Layer Swapping for Zero-Shot Cross-Lingual Transfer in Large Language Models

Lucas Bandarkar,Benjamin Muller,Pritish Yuvraj,Rui Hou,Nayan Singhal,Hongjiang Lv,Bing Liu
2024-10-02
Abstract:Model merging, such as model souping, is the practice of combining different models with the same architecture together without further training. In this work, we present a model merging methodology that addresses the difficulty of fine-tuning Large Language Models (LLMs) for target tasks in non-English languages, where task-specific data is often unavailable. We focus on mathematical reasoning and without in-language math data, facilitate cross-lingual transfer by composing language and math capabilities. Starting from the same pretrained model, we fine-tune separate "experts" on math instruction data in English and on generic instruction data in the target language. We then replace the top and bottom transformer layers of the math expert directly with layers from the language expert, which consequently enhances math performance in the target language. The resulting merged models outperform the individual experts and other merging methods on the math benchmark, MGSM, by 10% across four major languages where math instruction data is scarce. In addition, this layer swapping is simple, inexpensive, and intuitive, as it is based on an interpretative analysis of the most important parameter changes during the fine-tuning of each expert.

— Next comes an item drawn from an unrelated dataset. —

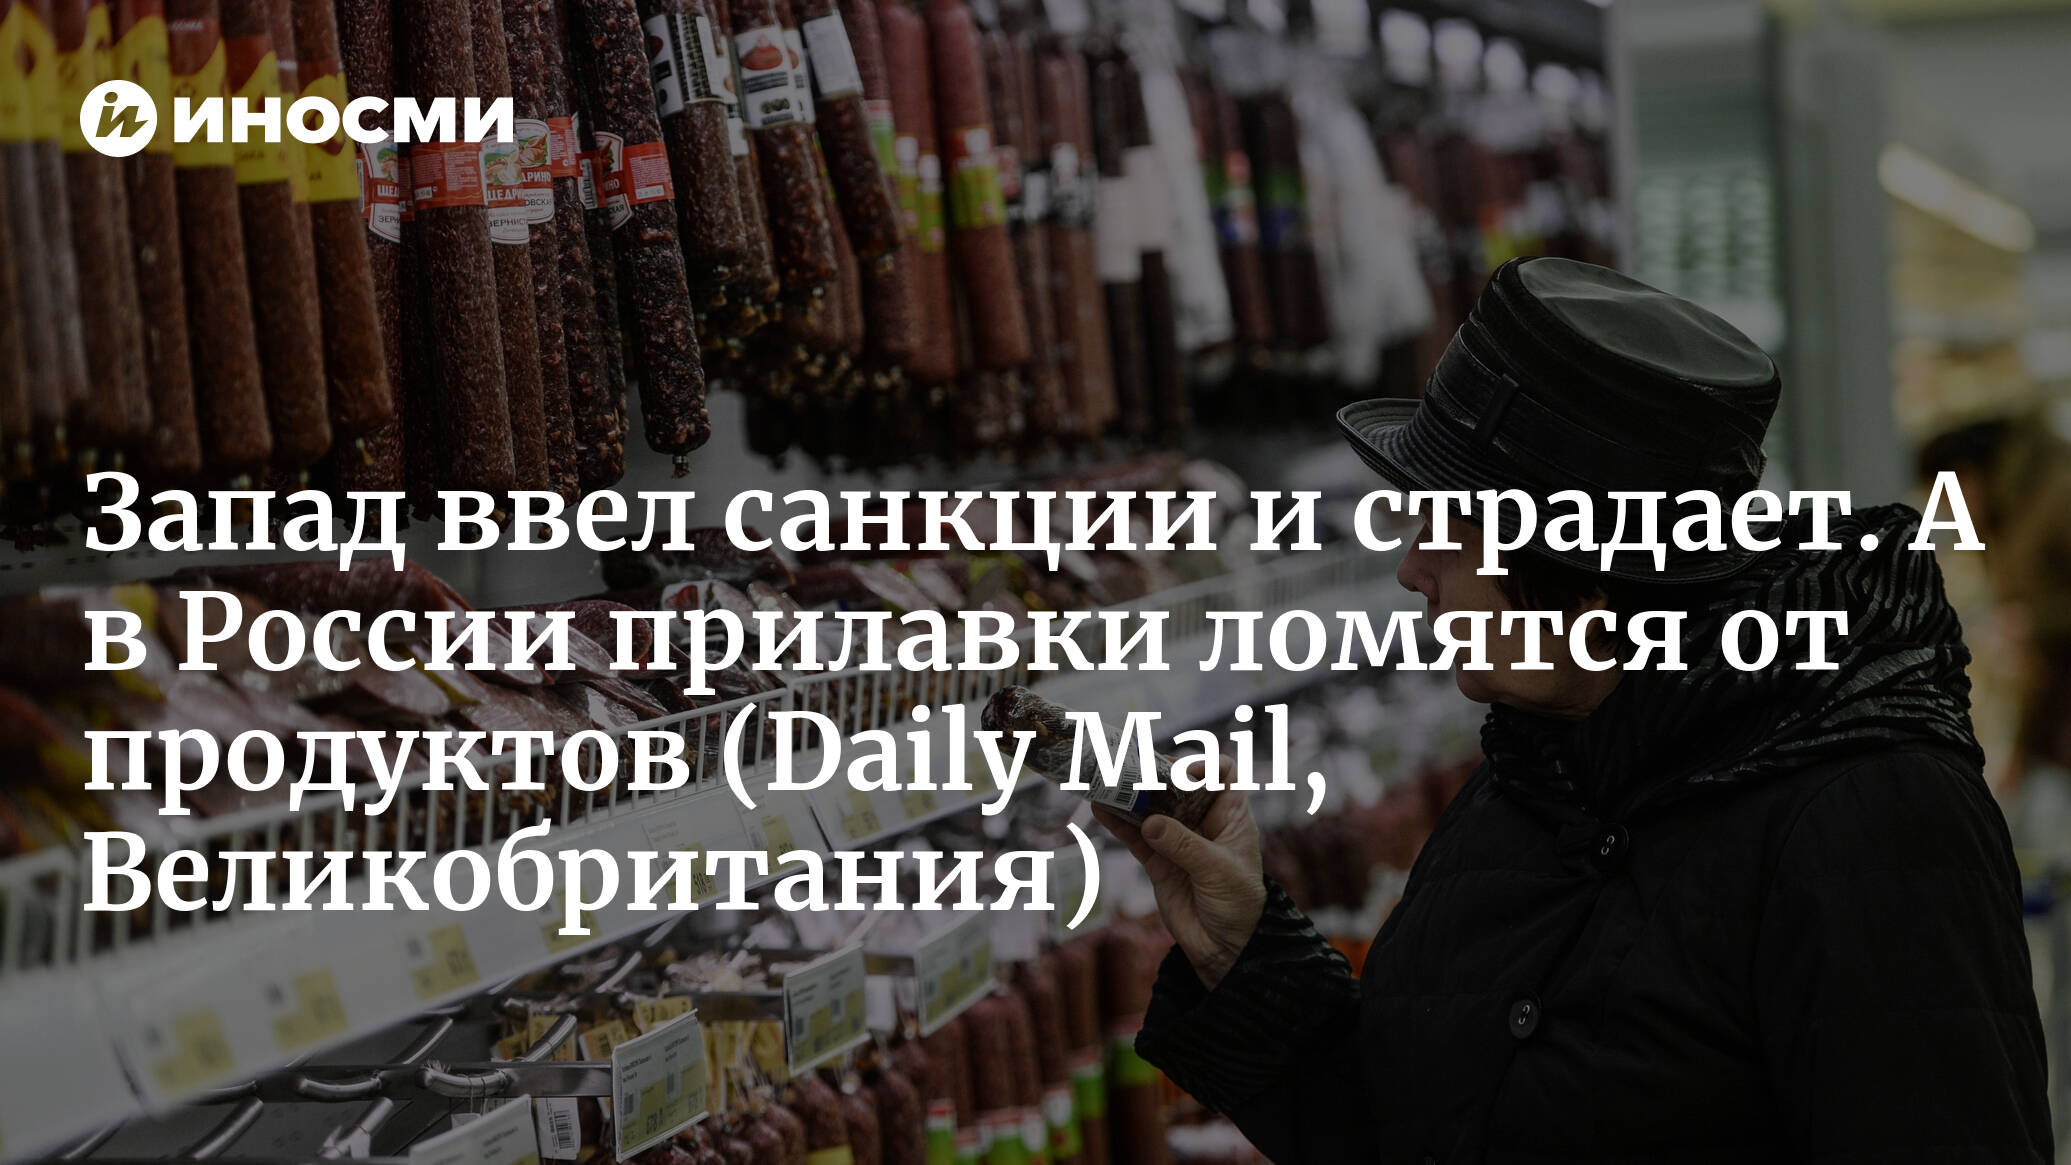 Запад ввел санкции и страдает. А в России прилавки ломятся от продуктов (Daily Mail, Великобритания)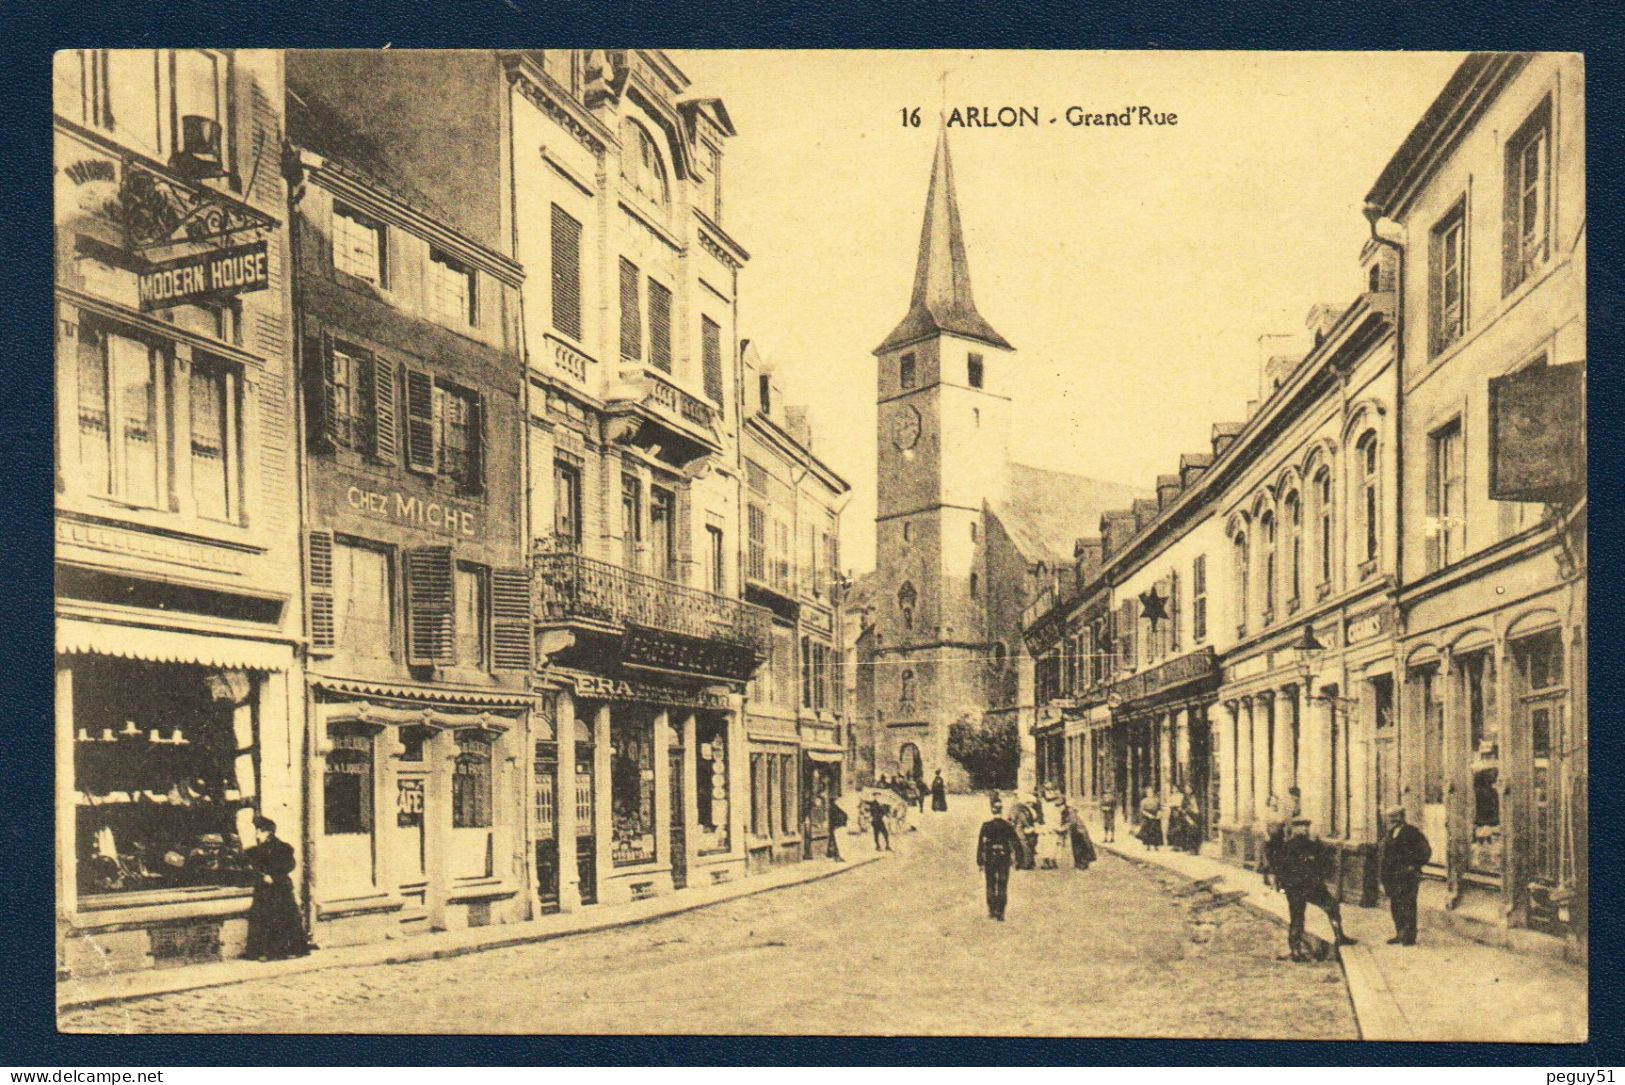 Arlon. Grand' Rue. Ancienne église St. Martin. Epicerie ERA. Café Chez Miché. Modern House. Passants.1921 - Aarlen

The ability to successfully re-compose LLMs for cross-lingual transfer in this manner opens up future possibilities to combine model expertise, create modular solutions, and transfer reasoning capabilities across languages all post hoc.
Computation and Language,Artificial Intelligence,Machine Learning
What problem does this paper attempt to address?
The problem that this paper attempts to solve is how to improve the performance of large - language models (LLMs) on specific tasks, especially mathematical reasoning ability, through zero - shot cross - lingual transfer in languages with limited resources. Since most LLMs are pre - trained mainly on English data, for tasks in non - English languages, especially when task - specific data in a particular language is lacking, the performance of these models is usually poor. To solve this problem, the author proposes a new model merging method - layer swapping. Through this method, a model fine - tuned on English mathematical data can be combined with another model fine - tuned on general instruction data in the target language without additional training, thereby enhancing the mathematical reasoning ability in the target language. Specifically, the methods in the paper are as follows: 1. **Fine - tuning of expert models**: Starting from the same pre - trained model, "mathematical experts" are obtained by fine - tuning on English mathematical data respectively, and "language experts" are obtained by fine - tuning on general instruction data in the target language. 2. **Layer swapping**: Replace the top and bottom several Transformer layers of the mathematical expert with the corresponding layers of the language expert, and keep the layers of the mathematical expert in the middle part. In addition, in order to smooth the transition, several "transition zones" are designed, which are obtained by the weighted average of the parameters of the corresponding layers of the mathematical expert and the language expert. 3. **Evaluation and comparison**: Through experiments on multiple low - resource languages (such as Swahili, Telugu, Bengali and Japanese), evaluate the effectiveness of the layer - swapping method and compare it with a single expert model and traditional model merging methods (such as model soup). Through the above methods, the author aims to explore a simple and low - cost way to effectively improve the performance of LLMs in low - resource languages without task - specific data in the target language.